AWS Route53 Deep Dive

January 8, 2021 / Nirav Shah

Before dive into this, we assume that you already know DNS service in TCP/IP protocol

  • You can use Amazon Route53 to register new domains, transfer existing domains, route traffic for your domains to your AWS and external resources & monitor the health of resources.
  • It’s a service like DNS (Domain Name System) in TCP/IP Protocol.
  • It also supports IPV6
  • Route53 is Global Service which means that you can access this service from any region.

Route53 name history

  • The reason is that DNS has TCP Port is 53, So that’s why we called it as Route53 Service in AWS.
  • In the US the busiest and traffic way is Route53, So that’s why AWS give this service name as Route53. 

Route53 Functions:

DNS management

A hosted zone tells Route 53 how to respond to DNS queries for a domain such as example.com.

Traffic management

A visual tool that lets you easily create policies for multiple endpoints in complex configurations.

Availability monitoring

Health checks monitor your applications and web resources, and direct DNS queries to healthy resources.

 Domain registration

A domain is a name, such as example.com, that your users use to access your application.

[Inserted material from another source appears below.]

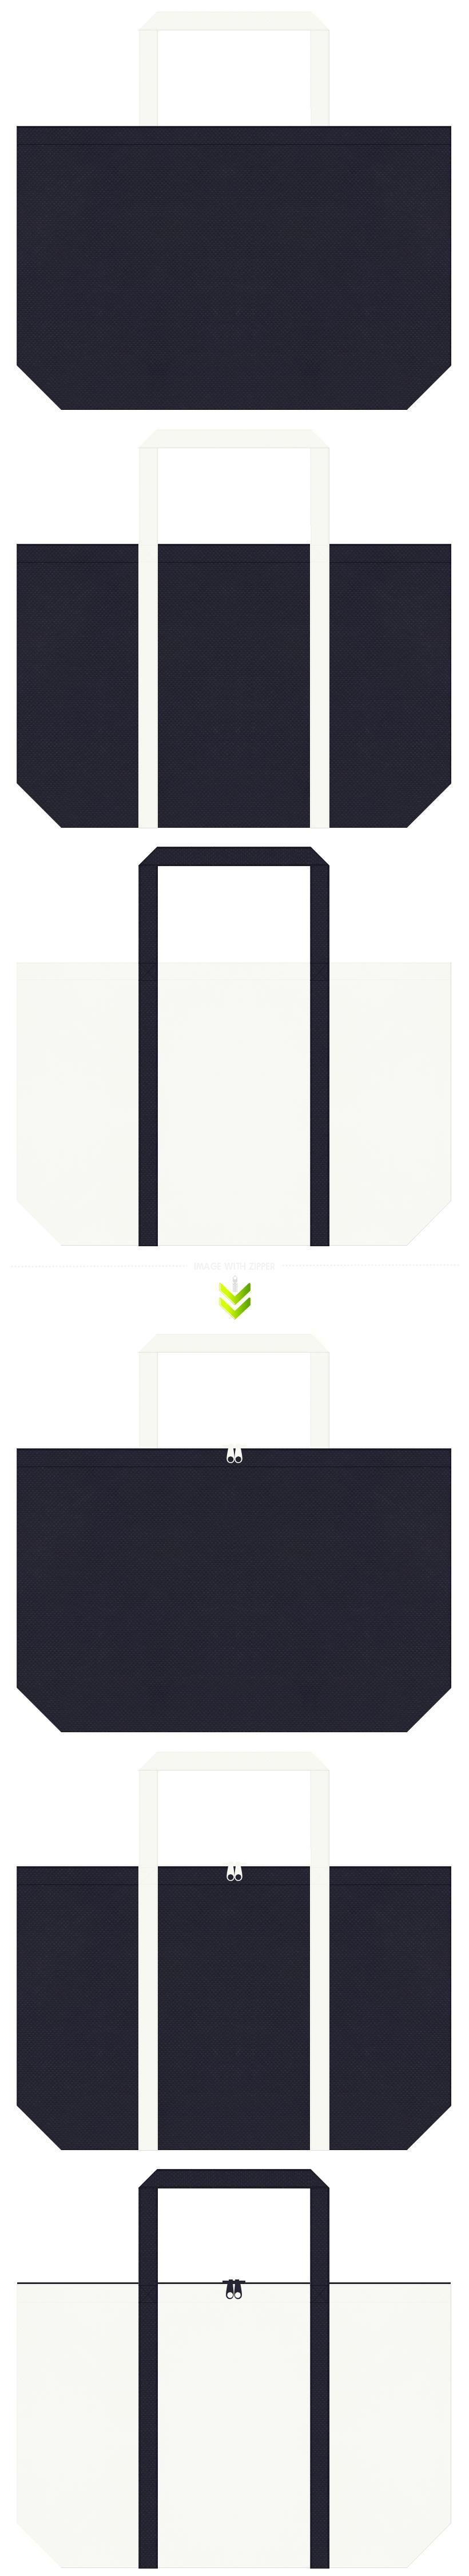 濃紺色とオフホワイト色の不織布エコバッグのデザイン。マリンファッション・ビーチ用品のショッピングバッグにお奨めです。

Route53 Performs three main functions,

  1. Register a Domain, for example, www.eternalsoftsolutions.com
  2. As a DNS it also routes the internet traffic to your resources for your Domains.
  3. Check the health of your resources.

You can use Route53 any combination of the functions,

  • For Ex. You can use Route53 for the register your domains and route internet traffic to your resources
  • You can use Route53 to route internet traffic for a domain that you have registered with another domain registrar. Ex. GoDaddy

When you register our domain with Route53 the service automatically create DNS service for the domain by doing the following.

  • It creates a hosted zone that has the same name as your domain.
  • It assigns a set of four name server to the hosted zone, unique to the account

AWS Supports:

  1. Generic top level domains 
    Ex. .com, .org, .net ,Etc
  2. Geographic top level domains 
    Ex. For india – .in, For US – .us, For China – .cn , Etc

AWS Limit

Each AWS Route53 account is limited to a maximum of 500 hosted zones and 10,000 resources record sets per hosted zone. 

Note- You can increase by requesting to AWS Support

Support DNS Records type by Route53

  • NS Record – Name server record. Used for delegating hostname to name server. NS record defines which name server is authoritative for a particular zone or Domain name and points you to another DNS server.
  • SOA Record – Start Of authority record. Every single zone has one and only one SOA resource record at the beginning of the zone.
    • It is not an actual record, it includes below information,
      • Who is the owner of the domain and its associated email address.
      • The authoritative server information.
      • The serial number which is incremented with changes in zone data.
      • The refreshing time cycle info and the TTL 
  • A Record – Address record. Map IP address to a unique domain.
  • AAAA Record – Use for IPV6 address record. Map IPV6 address to a unique domain.
  • CNAME Record – Canonical Name Maps an alias name to the hostname. Can create for subdomains. We can not create it for the root domain.
  • MX Record – Mail exchange record. Define where to deliver the mail for a domain name.

AWS Route53 Routing policies:

When you create any record, you choose routing policies which determine how Amazon Route53 responds to the queries.

  • Simple routing policy – In this DNS policy we can accommodate a single FQDN (fully qualified domain name) or IP address. For A record, you can enter the IP address as the value. For load balancers, you can use CNAME.
  • Failover routing policy – Failover routing allows you to route traffic to a resource when the resource is healthy and to another resource when the first one is unhealthy.
  • Geolocation routing policy –Geolocation Routing Policy allows access to the resources based on the geographic location of the users or client.
  • Geoproximity routing policy –Use for routing traffic based on the location of resources and, optionally, shift traffic from resources in one location to resources in another.
  • Latency routing policy – Use when you have resources in multiple AWS Regions and you want to route traffic to the region that provides the best latency.
  • Multivalue answer routing policy – Use for responding to DNS queries with up to eight healthy records selected at random.

Weighted routing policy – In this you can  weight per subnets.You create records that have the same name and type and assign each record a relative weight.To stop sending traffic to a resource you just need to change the weight of the record to 0.